Najprawdopodobniej pierwszy na świecie zakaz sprzedaży wody w butelkach wprowadziło miasteczko w australijskim stanie Nowa Południowa Walia - powiadomił w środę serwis internetowy BBC. Celem jest ochrona środowiska. Za wprowadzeniem zakazu niemal jednomyślnie opowiedziała się społeczność Bundanoon, położonego około 120 km na południowy-zachód od Sydney.

Na głosowanie w ratuszu stawiło się ponad 350 osób spośród około 2,5 tysiąca mieszkańców miasta. Tylko jedna opowiedziała się przeciwko zakazowi.

Pomysłodawcy inicjatywy argumentują, że wydobywanie, pakowanie i transportowanie butelkowanej wody stanowi niepotrzebne marnotrawstwo zasobów naturalnych. Zwracają również uwagę na ilość odpadów, która w związku z tym powstaje.

Na poparcie swoich tez podają przykład producenta napojów, który zamierzał wydobywać wodę w okolicy Bundanoon, butelkować ją w Sydney, a następnie przywozić z powrotem. Ten przypadek uświadomił ludziom, jaki wpływ na środowisko ma butelkowana woda - powiedział John Dee, jeden z organizatorów kampanii na rzecz zakazu.

Od września w sklepach w Bundanoon zamiast butelkowanej wody będą sprzedawane puste butelki, przeznaczone do wielokrotnego użytku. Będzie je można napełnić wodą z wyposażonych w filtry źródełek, zlokalizowanych przy głównych ulicach miasteczka.

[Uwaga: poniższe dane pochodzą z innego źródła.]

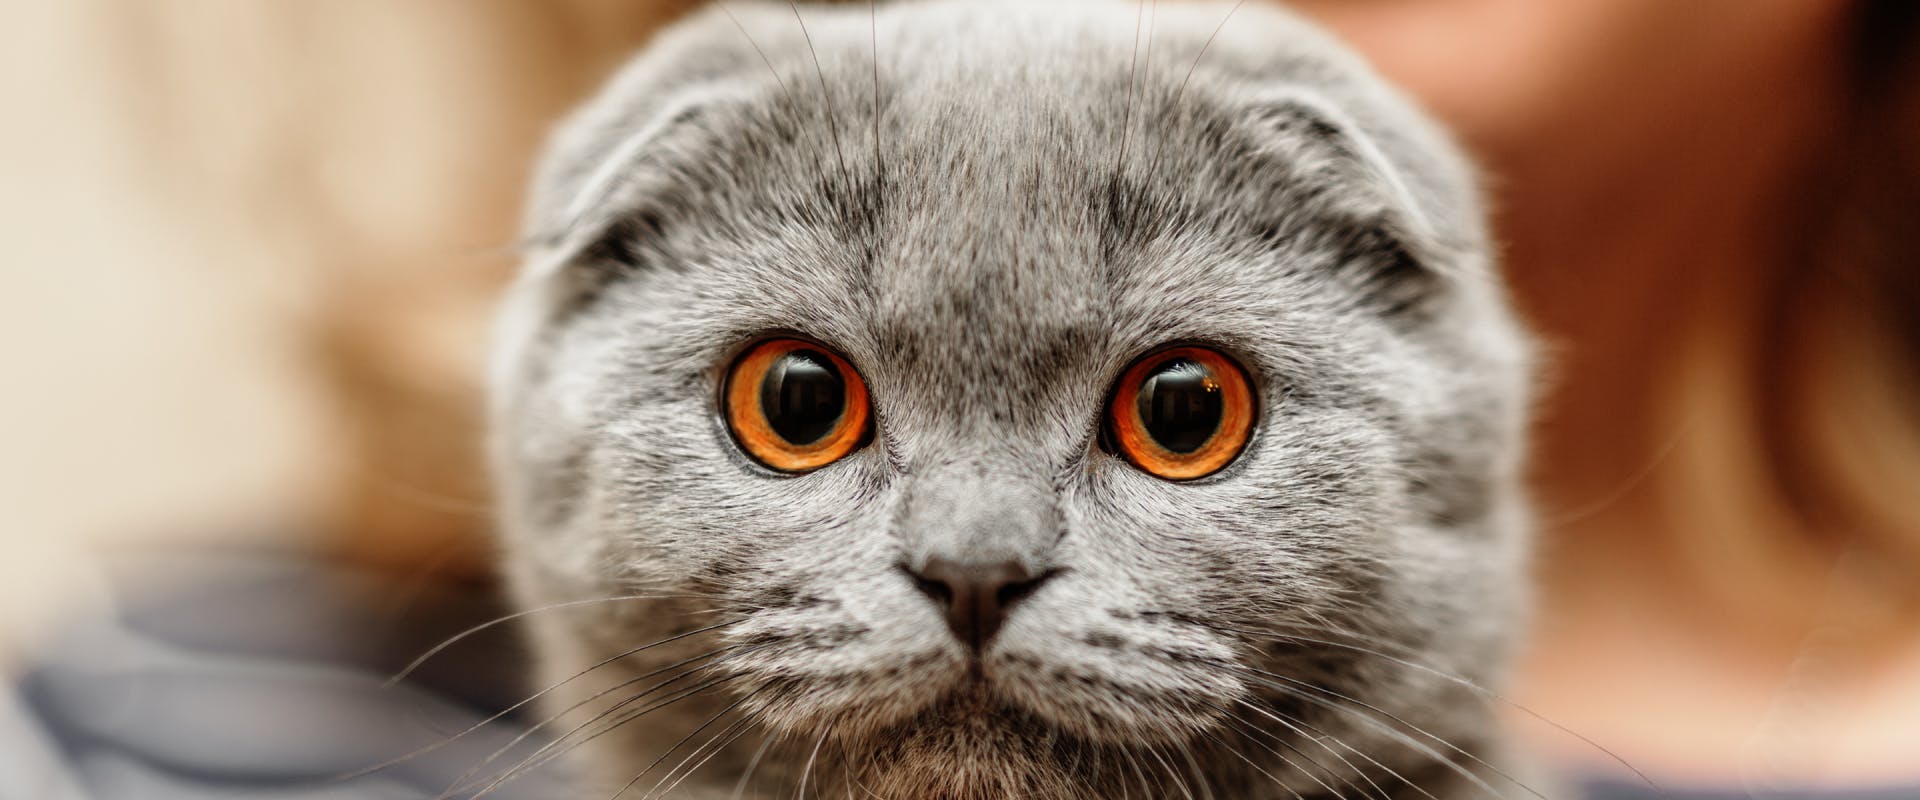 gray scottish fold cat with orange eyes

Miejscowi sklepikarze poparli ten projekt, choć jeden z nich powiedział agencji Bloomberga, że z powodu wycofania z asortymentu butelkowanej wody straci 1,6 tysiąca dolarów australijskich (około 4 tysiące złotych) rocznie.

Natomiast dyrektor Australijskiego Instytutu Wody Butelkowanej Geoff Parker na łamach dziennika "Sydney Morning Herald" skrytykował zakaz za ograniczanie konsumentom wyboru. Jak zauważył, wpływ na środowisko butelki wody wytwarzanej w okolicy rynku zbytu jest znacznie mniejszy, niż takich importowanych produktów jak puszka pomidorów, butelka szampana czy ser.